Friday, November 02, 2007

Fleshbot and Meet Molly

This week’s Sex Blog Roundup at Fleshbot visits Mom and Dad’s room to find out what the folks are up to behind closed doors. Sometimes, we find them elsewhere: the kitchen, the garage and oh God, not the family car!

Those of you who enjoy stalking me will find me both engagingly outgoing and downright mean and yet, despite such complexity, somewhat two-dimensional.

I may need to rethink my penchant for being with people who are smarter than me now that clever Lynsey has put me in the funny papers.

Wendy invites us to survey the damage to her splendid ass after our first date in a dungeon.

Tilda gets me so worked up that I dust the floor with her hair, leaving her so worked up that her head won’t stay on right.

Anna Smash takes a beating and gives careful thought to how that affects her relationship with her boyfriend—tears are shed, words exchanged, and love, well, don’t love beat all?

Eden looks up from my feet to notice my hands, catching a glimpse of them before they vanish, once more, into her body.

Jocasta recalls our first handshake, when she shook on my fingers.

Always one for cherry popping, Lolita picks up a camera as she watches me deflower a straight man.

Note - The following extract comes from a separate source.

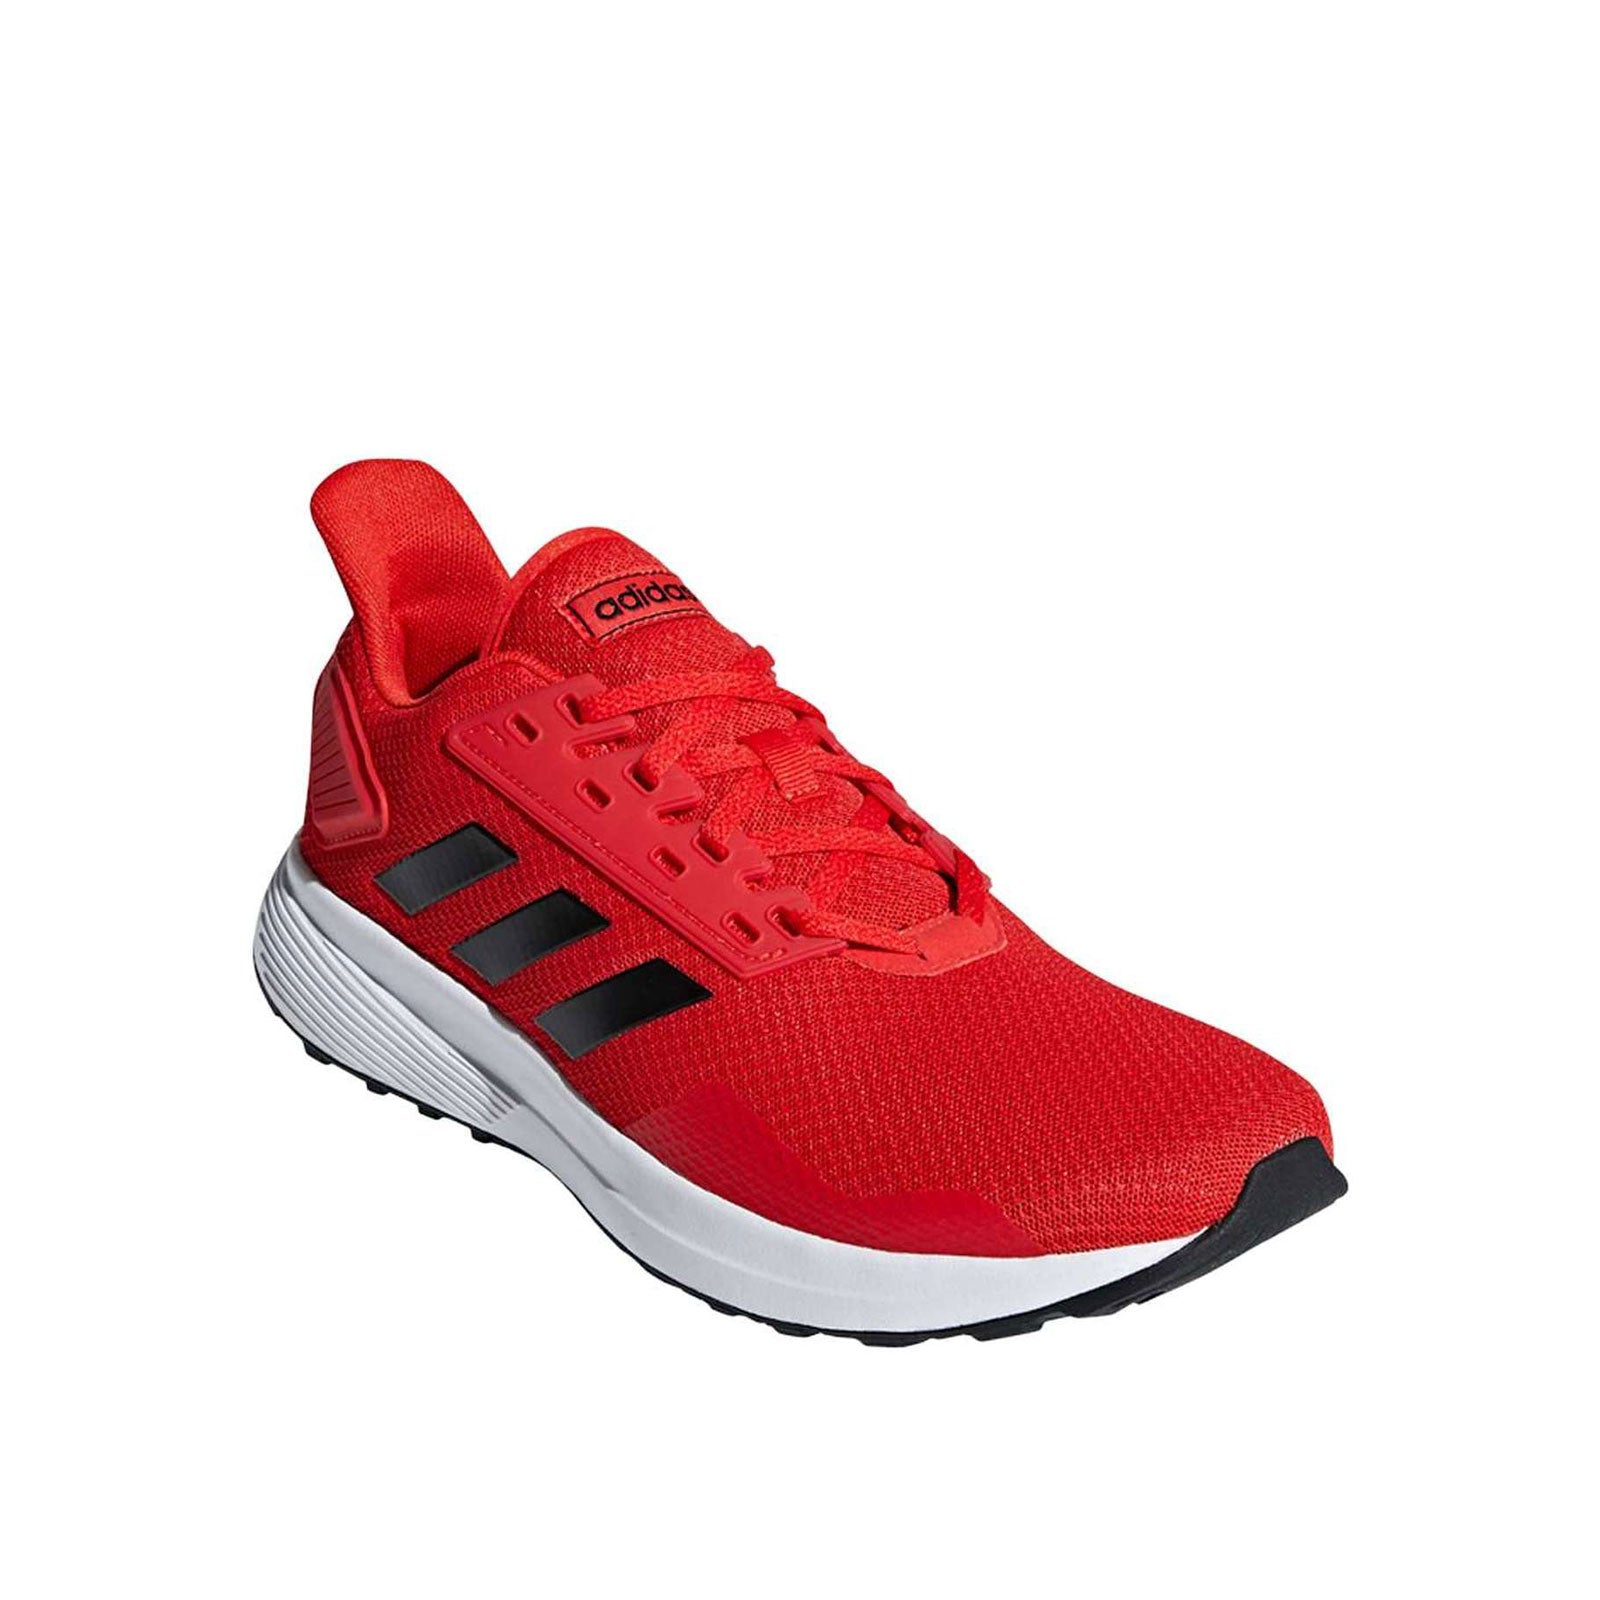 Adidas Duramo 9-Active Red/Black/White

He was a sweet fellow. One of his last acts as an ass virgin was bringing me a bottle of bourbon.

Speaking of bourbon and ass virginity, I seem to have tripped into a recipe for these two great tastes that just taste better together. Lolita’s straight boy gave me bourbon and got his virgin ass fucked. My day tripper brought me bourbon and got her virgin ass fucked. I’m going to roll with this and proclaim November “Ass Virgin Month.” If you or someone you know is an ass virgin, deliver the ass and one bottle of bourbon to my attention.

I can promise you that the bourbon will last longer than the virginity.

When I’m not drinking or fucking, I plan to be reading Saul Bellow. Nicole had me read The Adventures of Augie March. It reminded me of what my father said after I gave him One Hundred Years of Solitude—he was about halfway through it one evening when he looked up and said, “I don’t know if I should thank you for this book or throw it at you.”

Dad made it though magical realism with the diligence of ants carting a baby into a jungle. Likewise, I’m sticking it out with Bellow. I’ve added some titles to my Amazon Wish List for those of you inclined to throw books at me.

Now, off to the Smut Turntable. This weekend’s guest DJ is Molly, a Londoner I met at Dark Odyssey in September. You may have seen her requests on the turntable; if so, you’ve noticed her eclecticism and fondness for live music. What you may not know is that she also has a predilection for fetish, which only makes the hotness that much hotter. Here’s a peek at your guest DJ to whet your appetite.

Molly and Marcus
Barbara Nitke

Stay tuned to the Smut Turntable to get between her ears.


Wendy said...

Damn, I almost wish I were still an anal virgin so I could participate in your Ass Virgin Month.

Almost. Not really. (Especially not after Jed was just here. Mmm...)

Speaking of months of Ass, you'll have to participate in my post surgical Month of Anal, once that comes up. (:

tilda said...

"Sexed-up Stick Figure" may now be one of my favorite things, ever. Genius. Love it.

Tess said...

I'd think if I were to deliver an anal virgin to you, I'd get the bottle of bourbon (or Patron, in my case).

Thanks for the Fleshbot, J. Mad traffic. XO

Anna Smash said...

What about bourbon in the ass virgins? 'Cause I gotta say that despite all the cocks I've had in my ass, I still wasn't prepared for that.

Jefferson said...

Oh, Anna, that's right. For the uninitiated, here's the recipe for a bourbon and ass cocktail.

Open ass. Blow a shot of bourbon into ass. Fuck until mixed.

I learned this trick in Havana, though it was taught with rum, of course, and it was taught regarding vaginas. I improvised the rest.

Here's why I like it. The alcohol burns suddenly and intently, in a quick rush, and then fades. If you fuck in that burn, it's pretty insane.

The Cubanos suggest fucking raw, as that burns both the penis and the vagina, or ass, as the case may be. But I advise you to fuck safe.

Added bonus of putting booze in your ass: you get drunk.